Special Issue Information

Dear Colleagues,

The snow–ice–water system represents a complex and interconnected natural phenomenon. Historically, studies on snow, ice, and water in winter have been conducted in isolation across various disciplines. However, recent advancements in cryosphere science and technology have enabled a more integrated research approach. The interplay between ice and water is governed by critical phenomena, including phase transitions that drive dynamic energy and mass exchanges. These processes are further linked to ecosystems and water quality, fostering unique ecological systems beneath ice covers. Thermodynamic processes in cold-region hydrology are fundamentally shaped by the interactions between snow-ice and ice-water. These interactions often exhibit complex coupled behaviours, influencing energy and nutrient exchange while driving physical, chemical, and ecological processes. Consequently, multidisciplinary investigations are essential to unravel these dynamics. Remote sensing has emerged as a powerful tool for regional and large-scale monitoring, facilitating the study of interactions among the atmosphere, snow, ice, and water. Integrated space–air–ground(ice) remote sensing is particularly valuable in remote rural areas or during high-risk ice periods when on-site human investigations are challenging.

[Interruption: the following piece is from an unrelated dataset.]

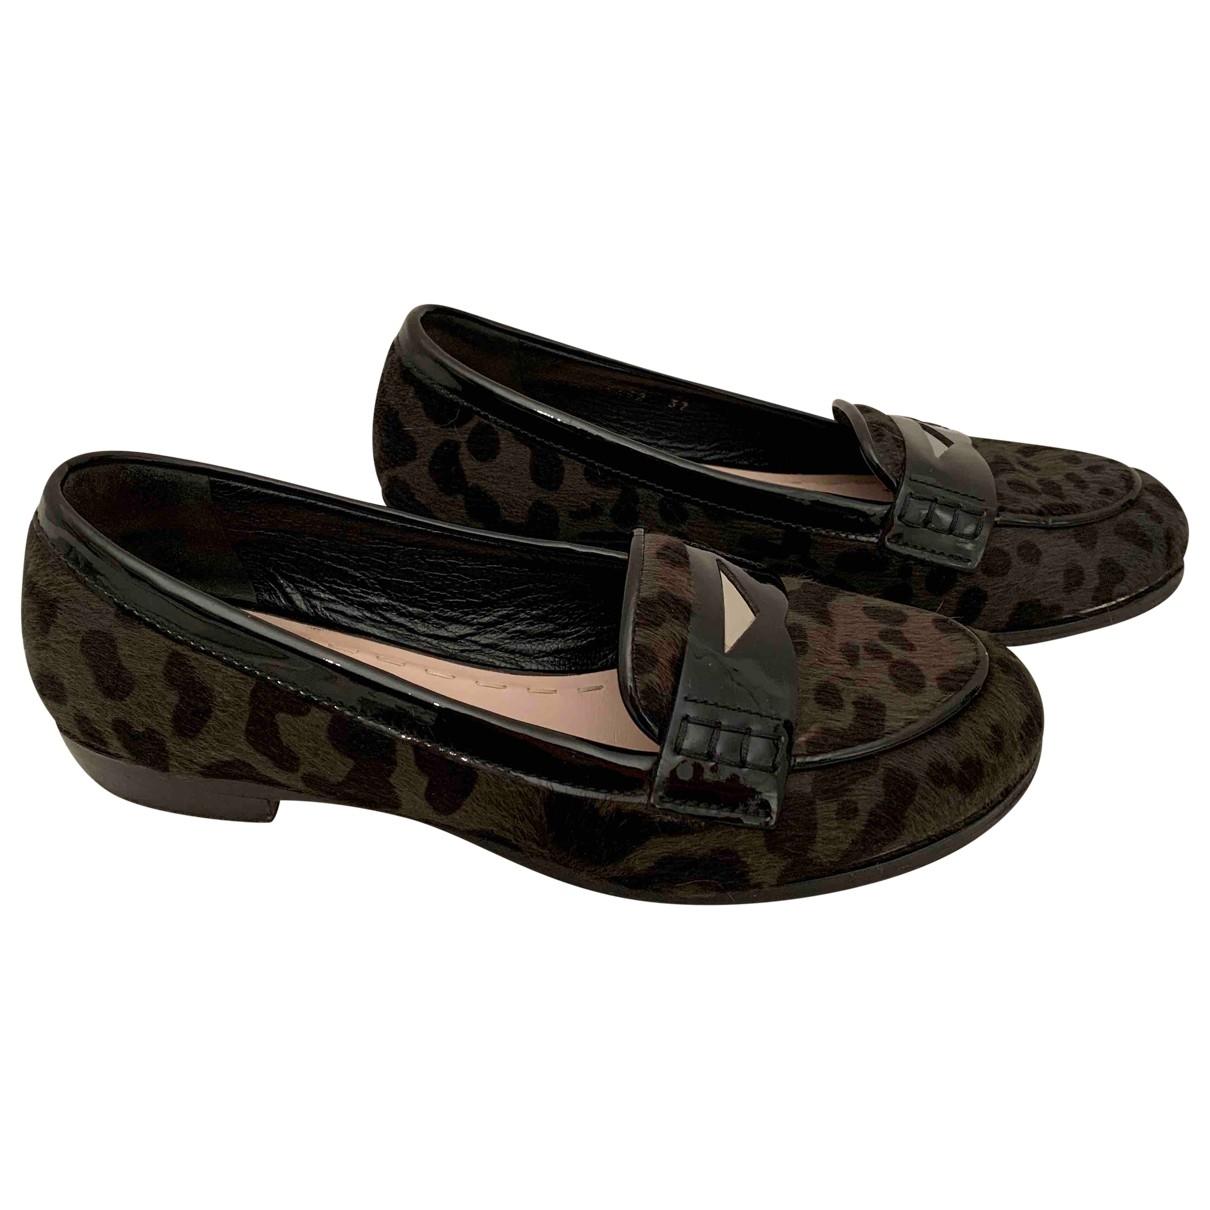 Miu Miu \N Khaki Pony-style calfskin Flats for Women 37 EU
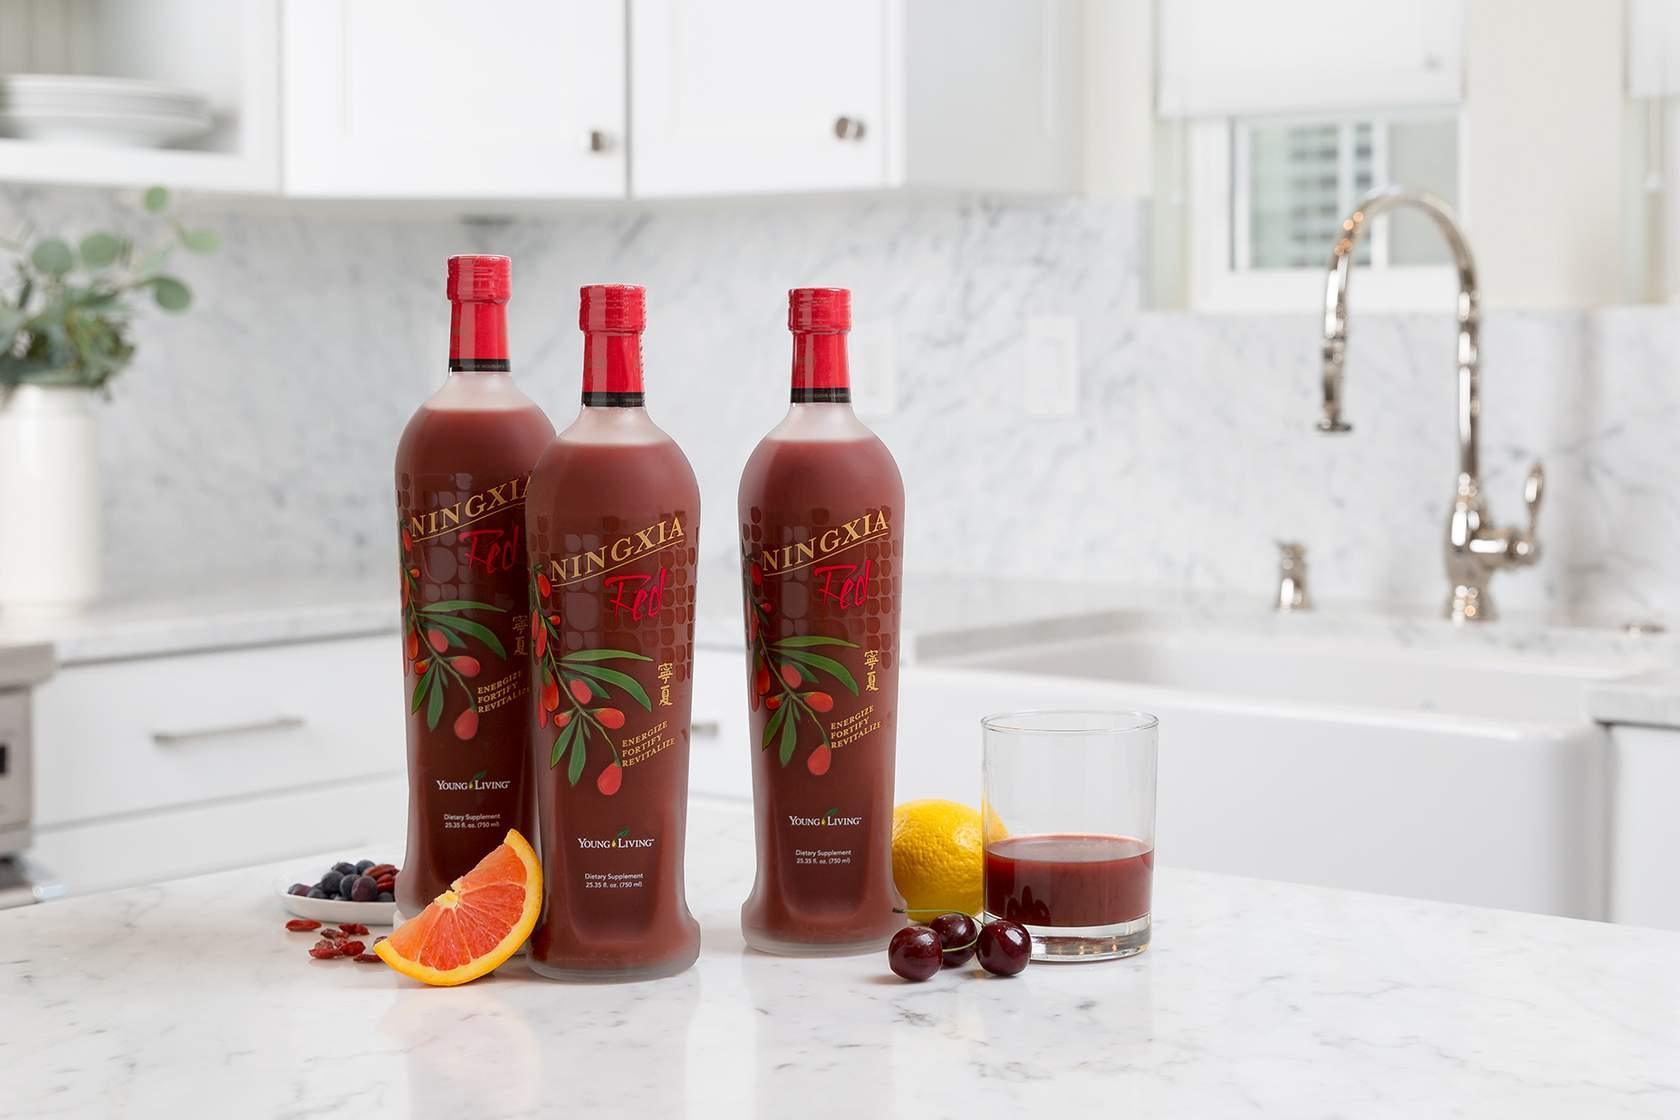 Tres botellas de NingXia Red y un vaso de NingXia

We are pleased to announce a Special Issue titled "Remote Sensing of River and Lake Ice/Water Using Spaceborne, Airborne, and Ground Platforms" in Remote Sensing. This Special Issue aims to showcase the latest advancements in space-air-ground(ice) remote sensing for studying snow, ice, and water in rivers and lakes. It provides a platform for researchers to share novel findings, methodologies, and insights. We invite contributions across a broad spectrum of topics, including theoretical studies, case analyses, field investigations, data-driven approaches, numerical modelling, and comprehensive reviews.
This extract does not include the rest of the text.